It's an expensive gadget for a niche [0] market. $3500 is an incredibly high price for what it is.
0, https://store.steampowered.com/hwsurvey/ 1.75% of Steam users have a VR headset as of June this year which is lower than the people who are using Linux for gaming (2.08%). So you can see how small the VR market is. And the top alternatives are $500 (Quest 3) and $1000 (Valve Index) which are expensive on their own but $3500 (that you can't even use on Steam gaming lol) is just an astronomical difference
"It's a dev kit for those willing to spend on early access to Apple's AR/VR ecosystem" was always the sane take, it was really weird watching so many people convince themselves that it was a mass-market product and then convince themselves that the failure of a mass-market audience to materialize was some kind of a disaster.
I have no visibility inside Apple so I don't know if they drank their own kool-aid on this one or if this is just Ye Olde Yellow Journalism, but it's a strange amount of drama over something that in any other industry would be a complete non-story, even at ten times the dollar amount. Probably more than that, depending on the industry!
Apple has no problems clearly announcing dev kits as dev kits, just look at the Developer Transition Kit hardware they released for the PowerPC->Intel and Intel->Apple Silicon transitions. These kinds of things are not only clearly labeled as dev kits they have required paying to join dedicated dev kit programs which expressly forbid getting the (loaned, not bought) device for non-porting or non-development related work. Apple Vision Pro was nothing like that, it had consumer focused announcements at consumer focused events, had consumer ads, sold through the normal consumer channels, and used standard consumer accounts.
The other thing that doesn't line up with this take is how Apple announcing they've cancelled the next Vision Pro to work on a lower cost version is squared up. Even if you still take the Vision Pro as having always been intended a dev kit for early access, needing to cancel the follow on model development to rescope to a lower end product for the market is no less a miss than the initial launch in that the entire program was completely misaligned with the market until well after launch.
I think half of the news stories are a result of Apple pushing this to release to market instead of just shuttering the version internally and the other half are a result of a launch problem like this being relatively rare for the most valuable company in the world and not necessarily about viewing the product itself with blinders.
iMovie exists. Technically speaking. Ever since they lobotomized it I too have tried hard to forget, but it has an icon and presumably someone finds it useful or at least clicks on it by accident every now and again.
I think zamadatix convinced me that Apple drank their own kool-aid on VR though. That's too bad. I'm sure someone had a bonus large enough to prevent them from seeing straight.
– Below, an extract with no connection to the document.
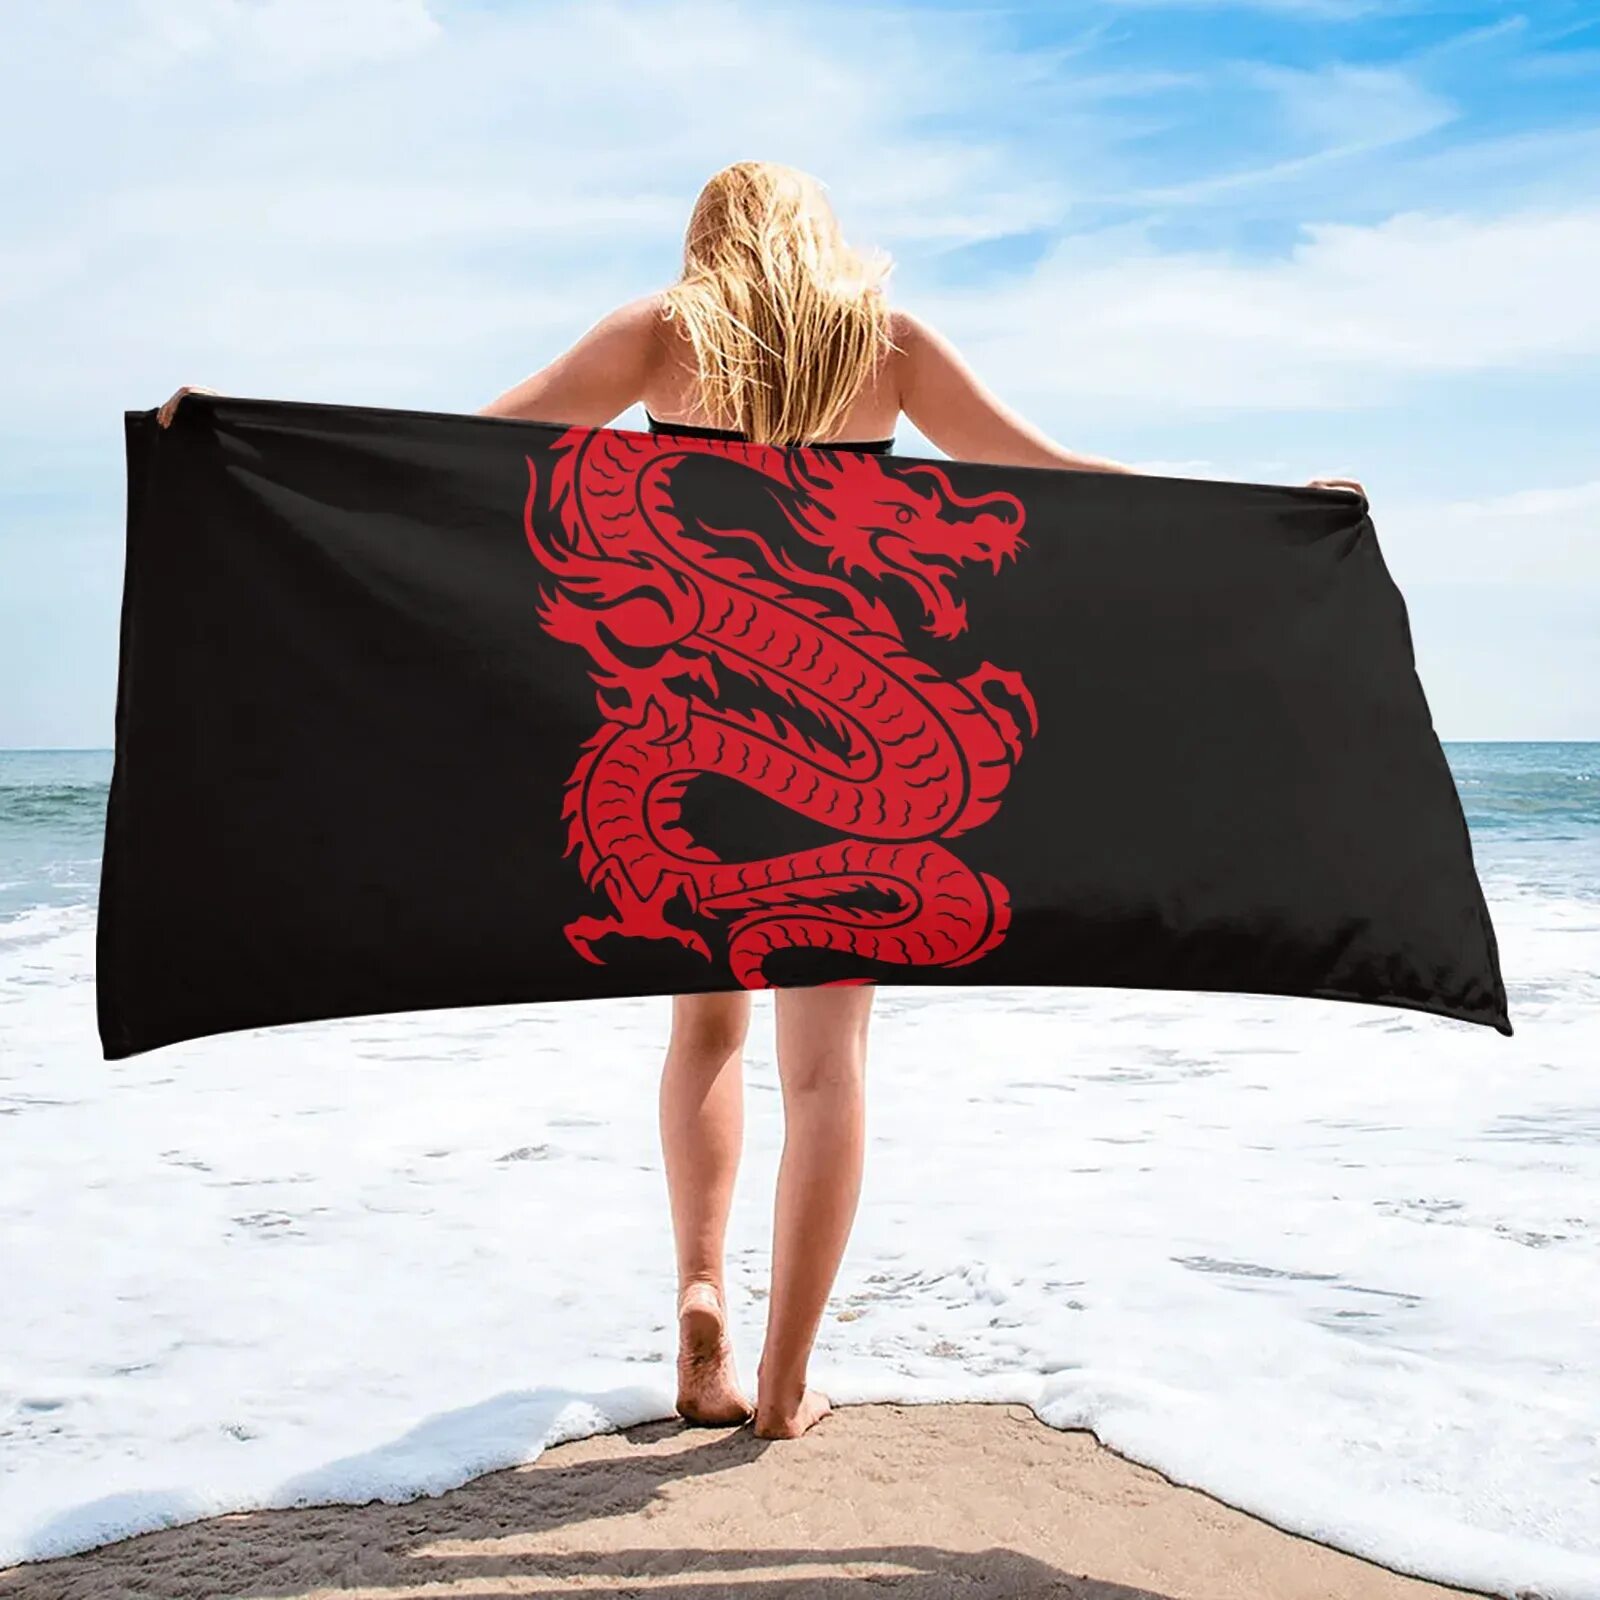 Полотенце с драконом. Полотенце банное с драконом. Пляжное полотенце с девушкой. Большое полотенце с драконом.

Hopefully it doesn't turn into another Scott Forstall situation, where Apple fires them and then it turns out that sins notwithstanding they were the voice of reason when it came to something else. Dammit, it's been a decade and Apple still hasn't given up on the Fisher Price widgets. Ah well. The world spins on.
They're plenty of reports they announced that change to hardware partners. I wouldn't hold my breath for a press release if that's what you're referring to though.
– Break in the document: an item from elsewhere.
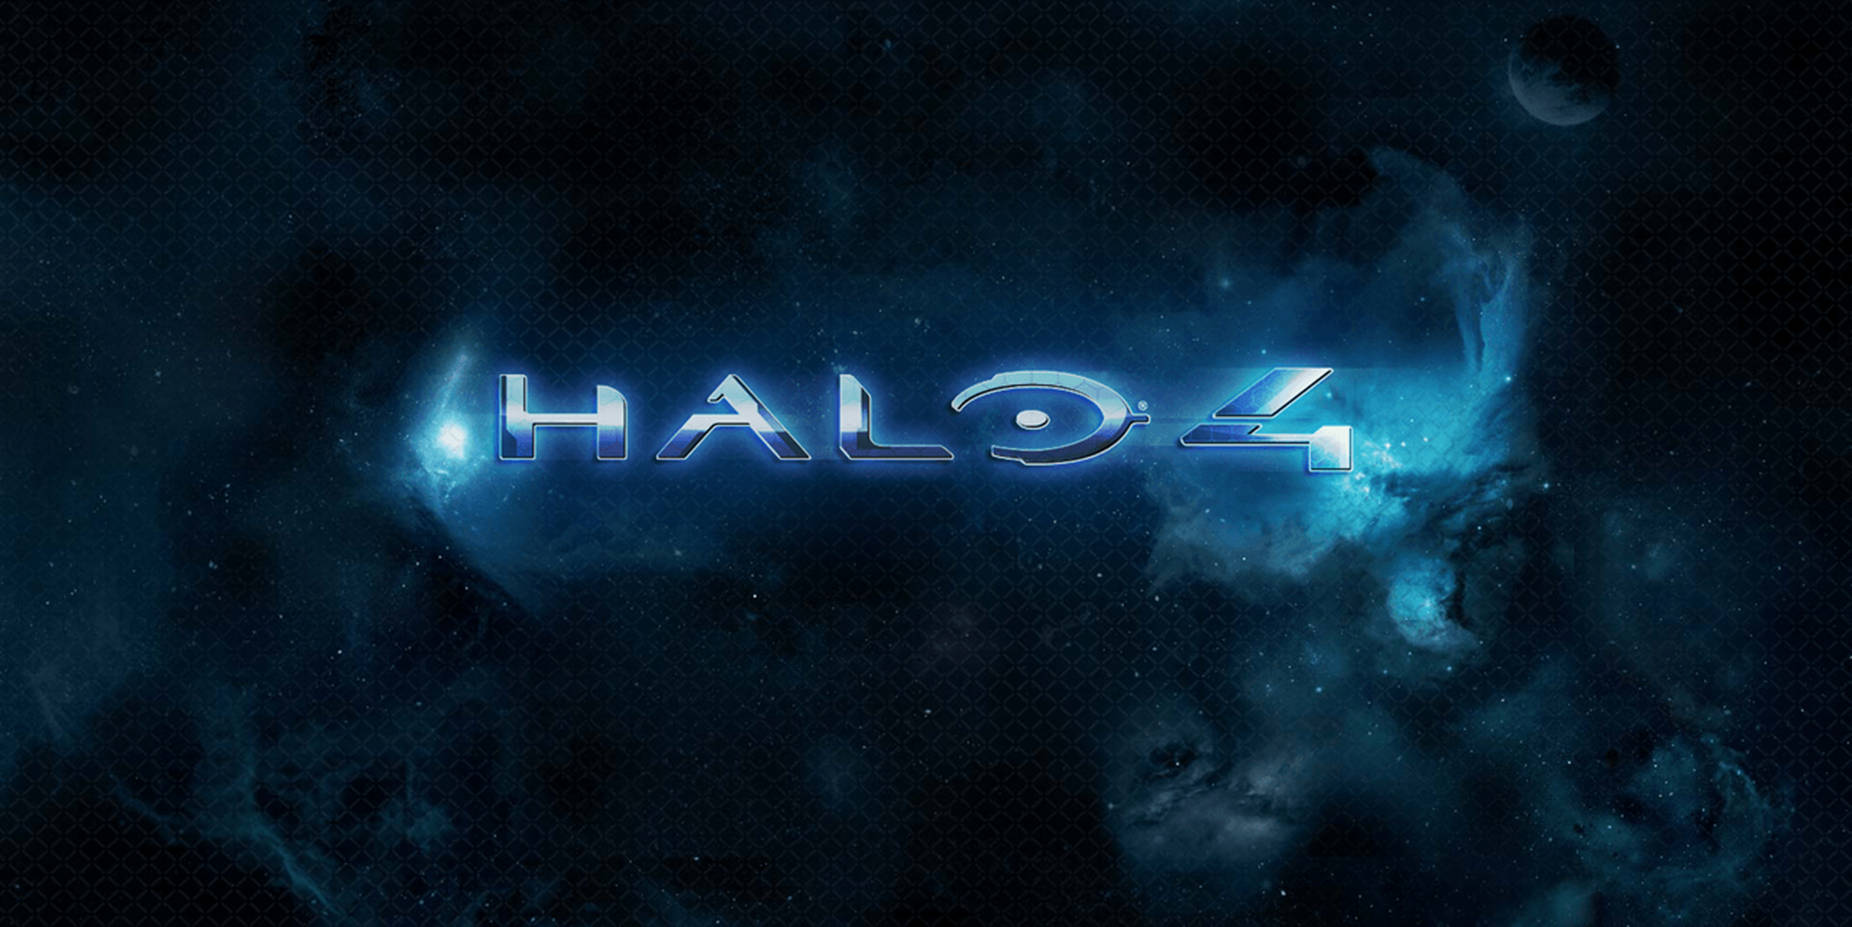 Halo 4 Logo Glowing Against a Blue Nebula Wallpaper

> and the presence of the "Pro" moniker implies that a non-Pro version has always been planned.
What's this to do with the price of tea in China? Apple halted work on the next Pro version to work on the lower cost version. This doesn't say Apple just now invented the idea of releasing a non-pro version. It does say Apple has realized the initial market tier they were developing for was the wrong one to start with and they need to stop any more work on that tier for now to instead work on getting said lower tier model to market next.
I mean, when it's early in the failure, you can say this about any company's failed product: Oh, well [COMPANY] is really just thinking ahead, and might actually be playing 5D Chess... Think of what the long term might bring!
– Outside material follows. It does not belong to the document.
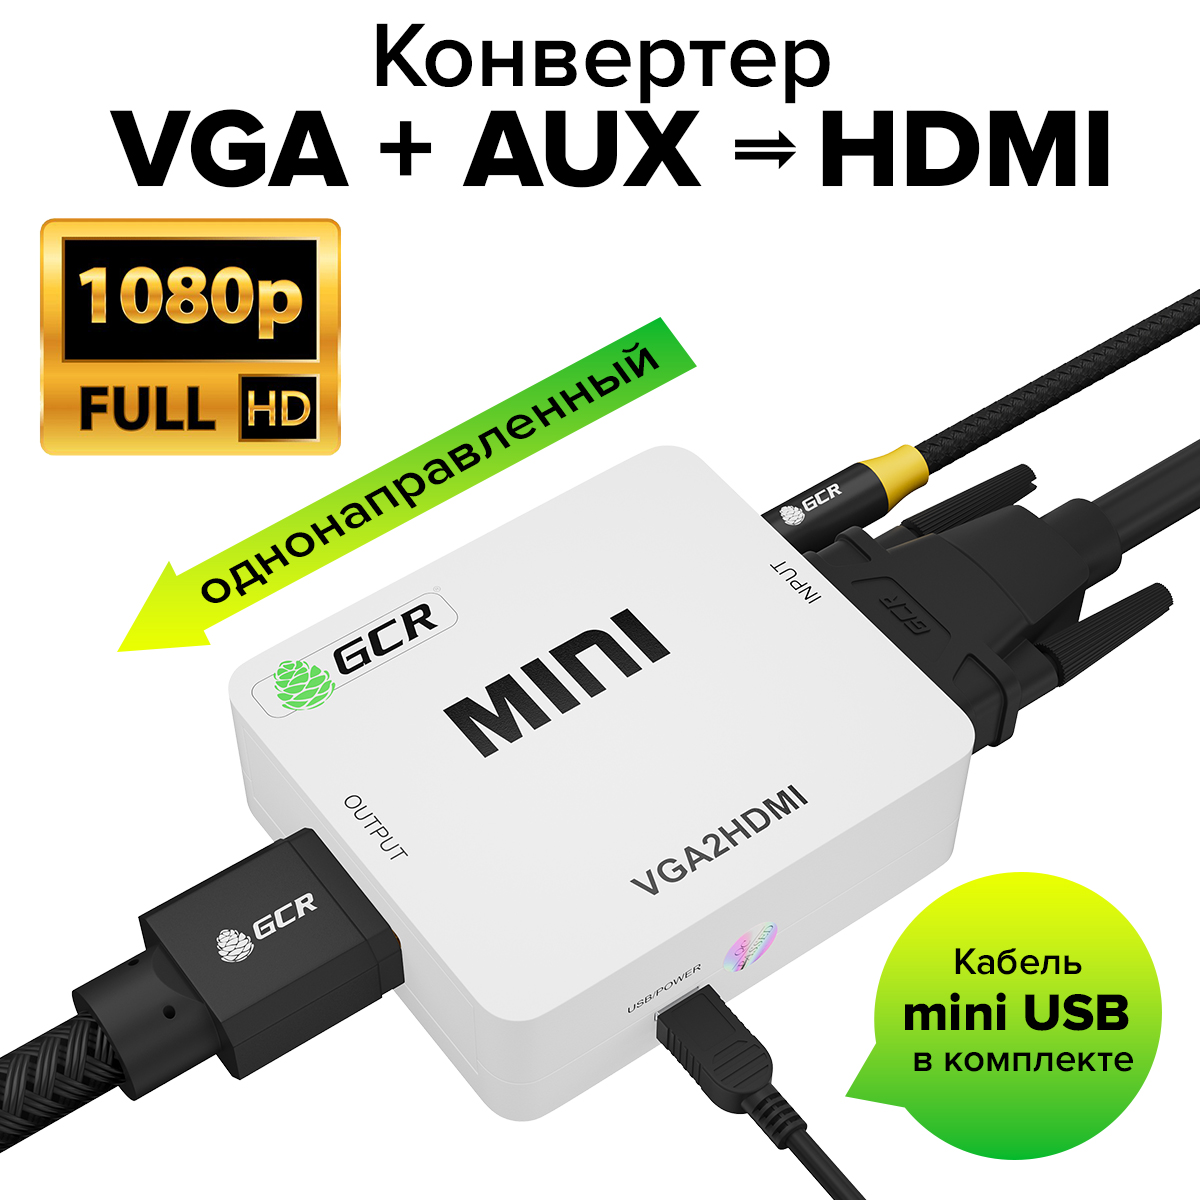 GCR Конвертер  переходник VGA -> HDMI 1.3, 1080p 60Hz, 3.5 mm мини джек

> it was really weird watching so many people convince themselves that it was a mass-market product and then convince themselves that the failure of a mass-market audience to materialize was some kind of a disaster.
They were presumably following Apple’s lead. Apple predicted far higher sales than we’ve seen and have had to cut those predictions down to size.
I think it's pretty optimistic to expect either of those will be realized in a couple of years. If Apple does release a v3 in that time (big if), I'm doubtful it will amount to more than a minor iteration on the first gen model. I think Apple is probably happy to let this stay a niche product with a very slow release cadence.
After all, why would they release a v2 next year? What significant improvements could they make in that time that would entice new customers - or entice existing customers to upgrade?
The MacBook is a work device used by many professionals and can easily be justified as a recurring business expense. The iPhone is a relatively cheap device whose sales are bolstered by affordable payment plans offered by US carriers. These devices sell in huge volumes and it makes sense for people upgrade them often, so there's a lot of money to be had in frequent iterative releases. That's just not the case with the Vision Pro.
If Apple releases a new Vision Pro, it will need to be a big upgrade - or a cost-down model with a more accessible price point.
> 0, https://store.steampowered.com/hwsurvey/ 1.75% of Steam users have a VR headset as of June this year which is lower than the people who are using Linux for gaming (2.08%). So you can see how small the VR market is. And the top alternatives are $500 (Quest 3) and $1000 (Valve Index) which are expensive on their own but $3500 (that you can't even use on Steam gaming lol) is just an astronomical difference
Apple Vision Pro was never touted as a gaming device, so I get that. I still hope Facebook/Meta keeps up with the Quest.
> $3500 is an incredibly high price for what it is.
I think “$3500 is an incredibly high price for what it does for me” is true for most consumers, but if that were incredibly high for what it is, we’d see other companies sell comparable hardware at half the price.
I also think that means they have a bigger problem than just bringing the price down. What it is is incredible, but what it does for me? Mwah.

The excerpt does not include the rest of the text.